About this task — Output all the data exactly. Pictures do not belong in the copy.

Recorded data —
-.-.-
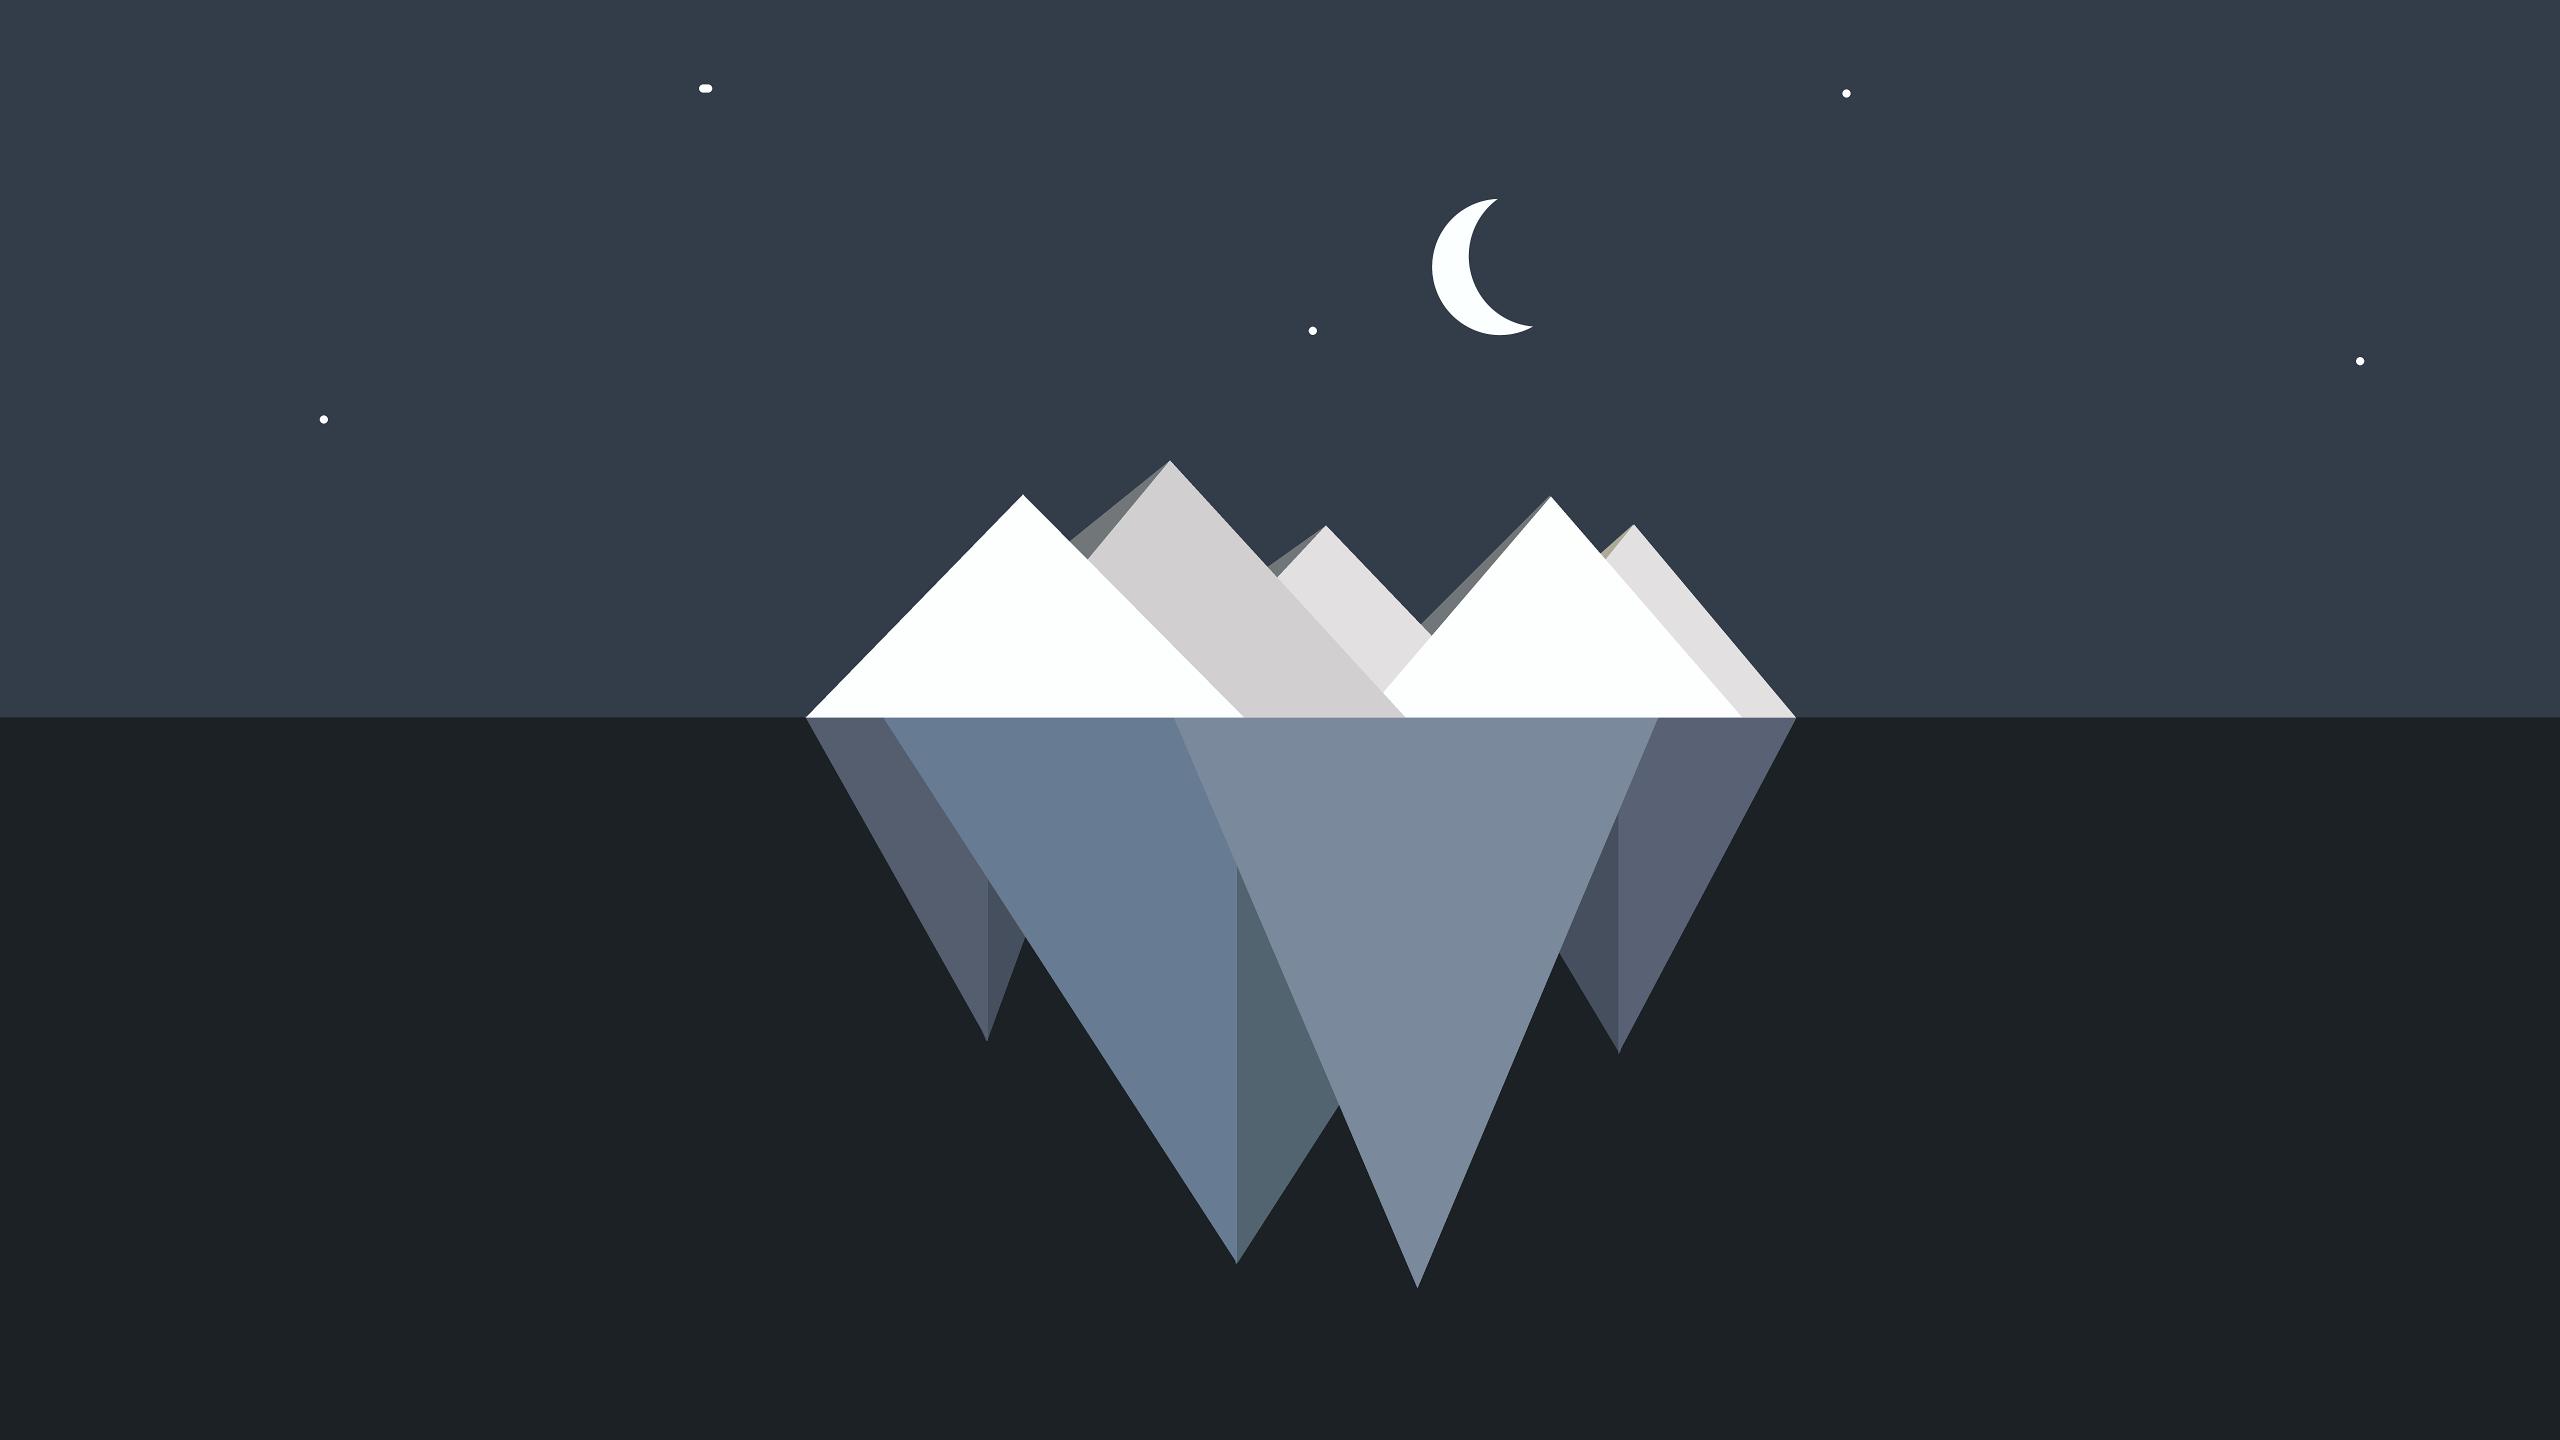 2560x1440 Iceberg Minimalist 1440P Resolution Wallpaper ...
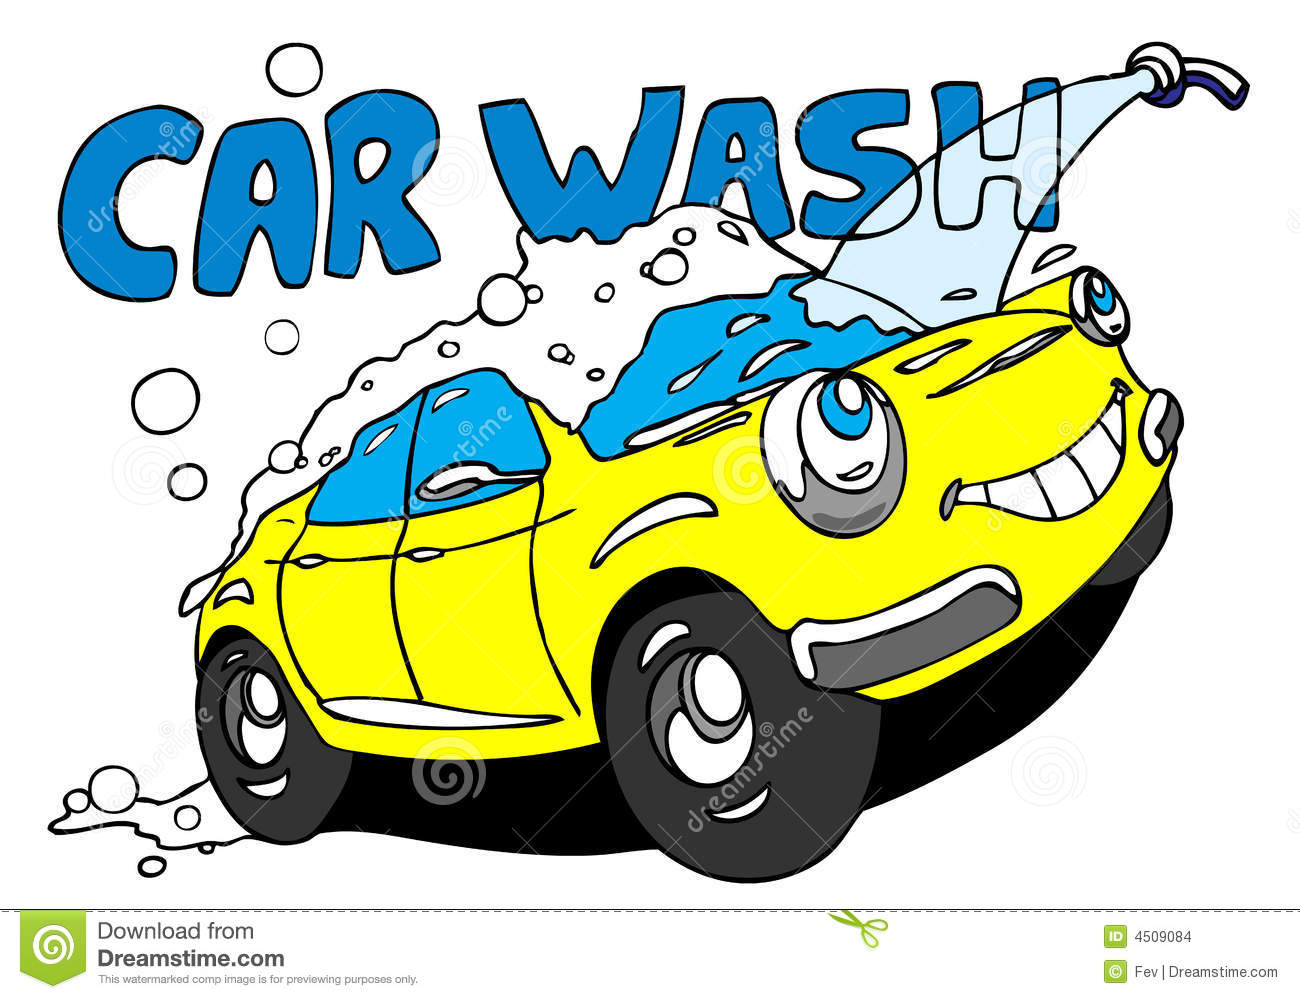 Car washing clipart.
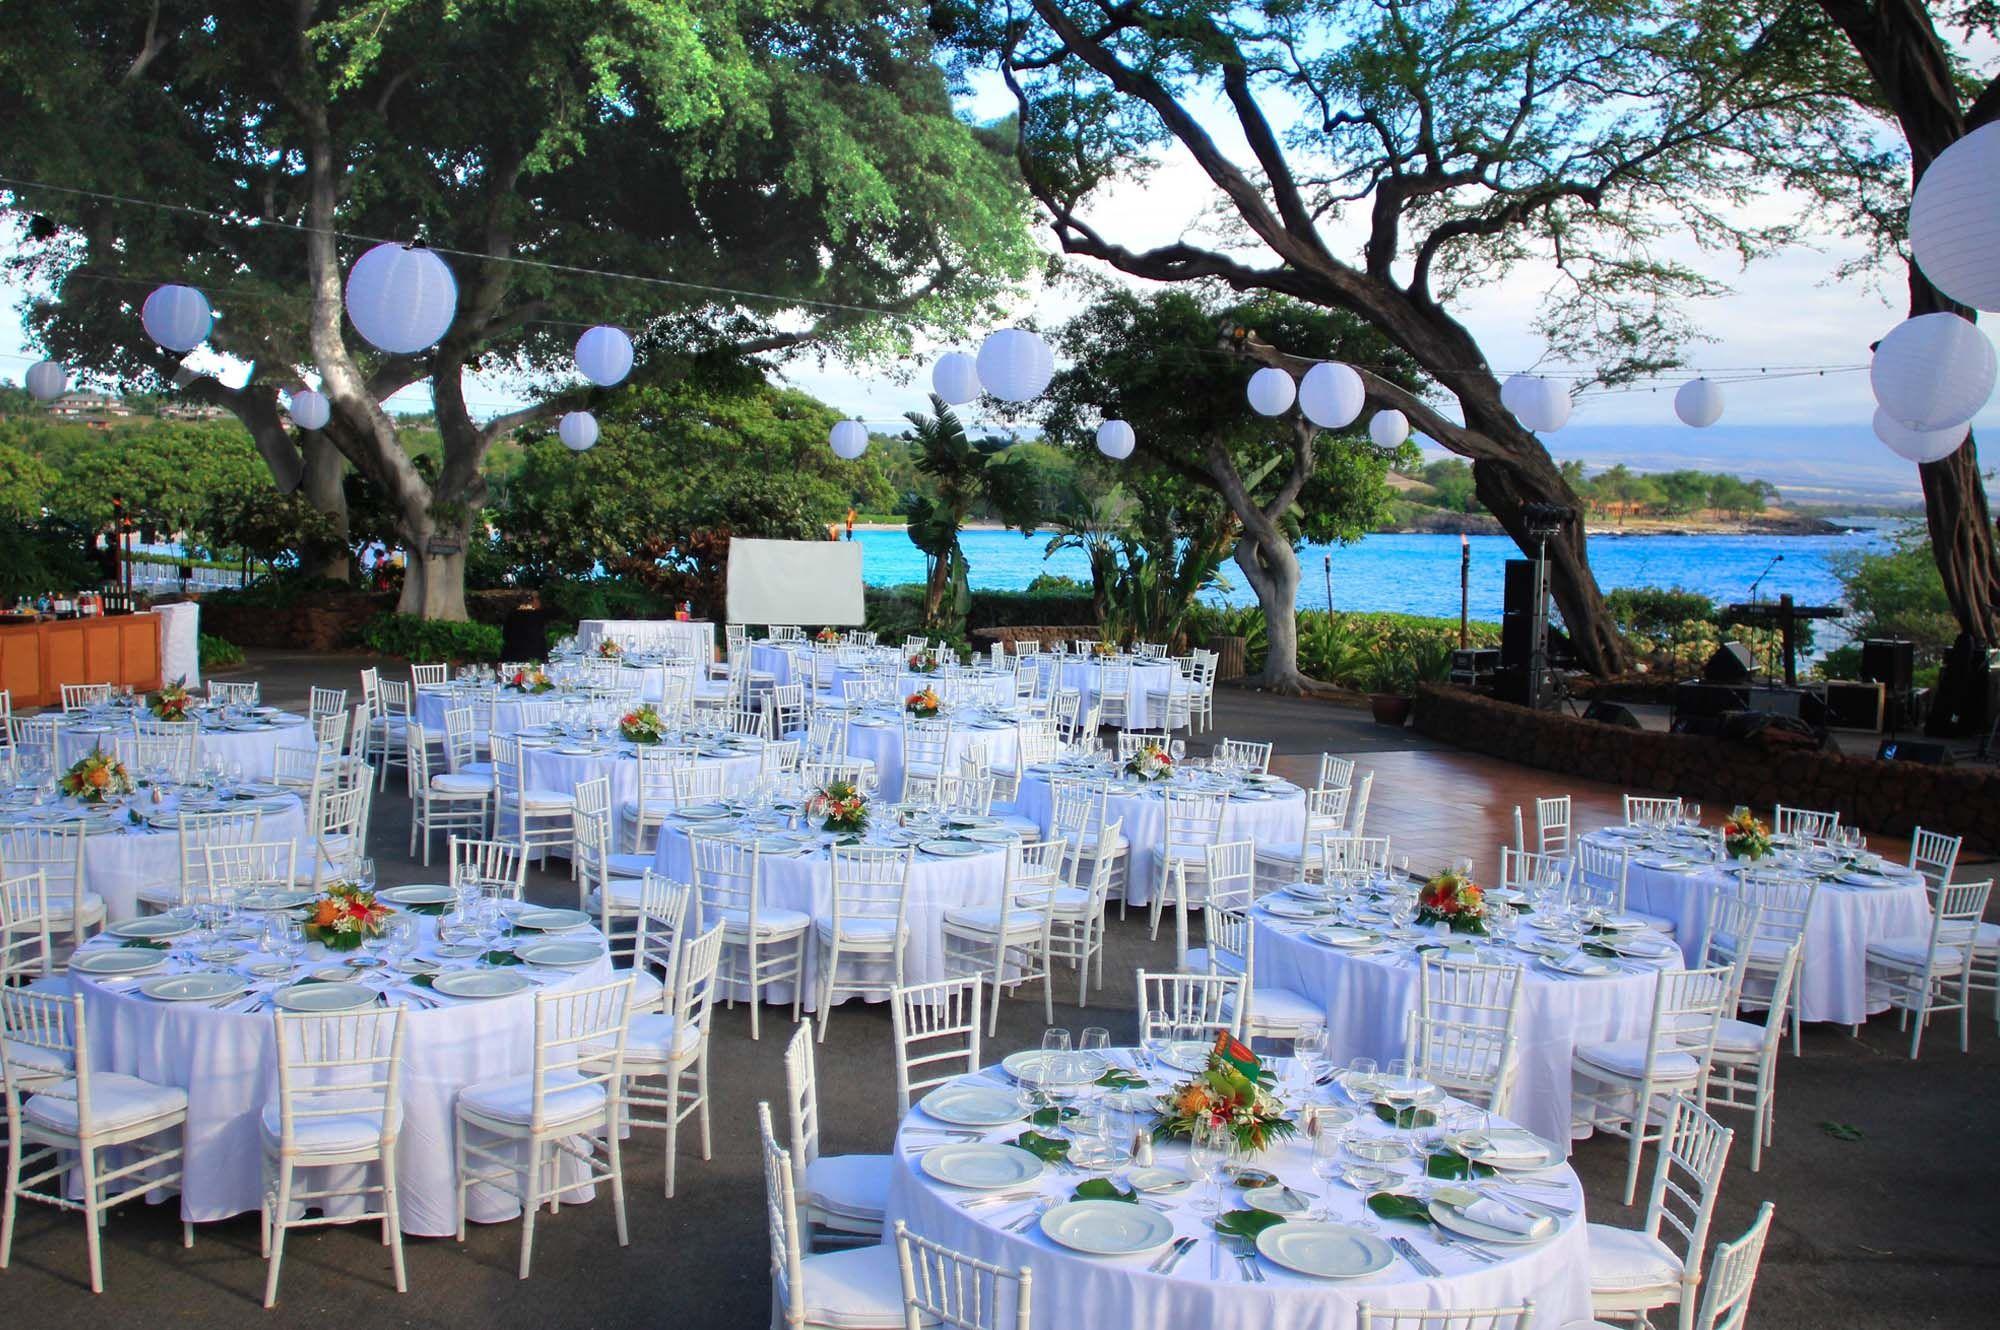 Mauna Kea Beach Hotel Outdoor Wedding Area Wedding Venues
-.-.-
Result of this task —
 2560x1440 Iceberg Minimalist 1440P Resolution Wallpaper ...
 Car washing clipart.
 Mauna Kea Beach Hotel Outdoor Wedding Area Wedding Venues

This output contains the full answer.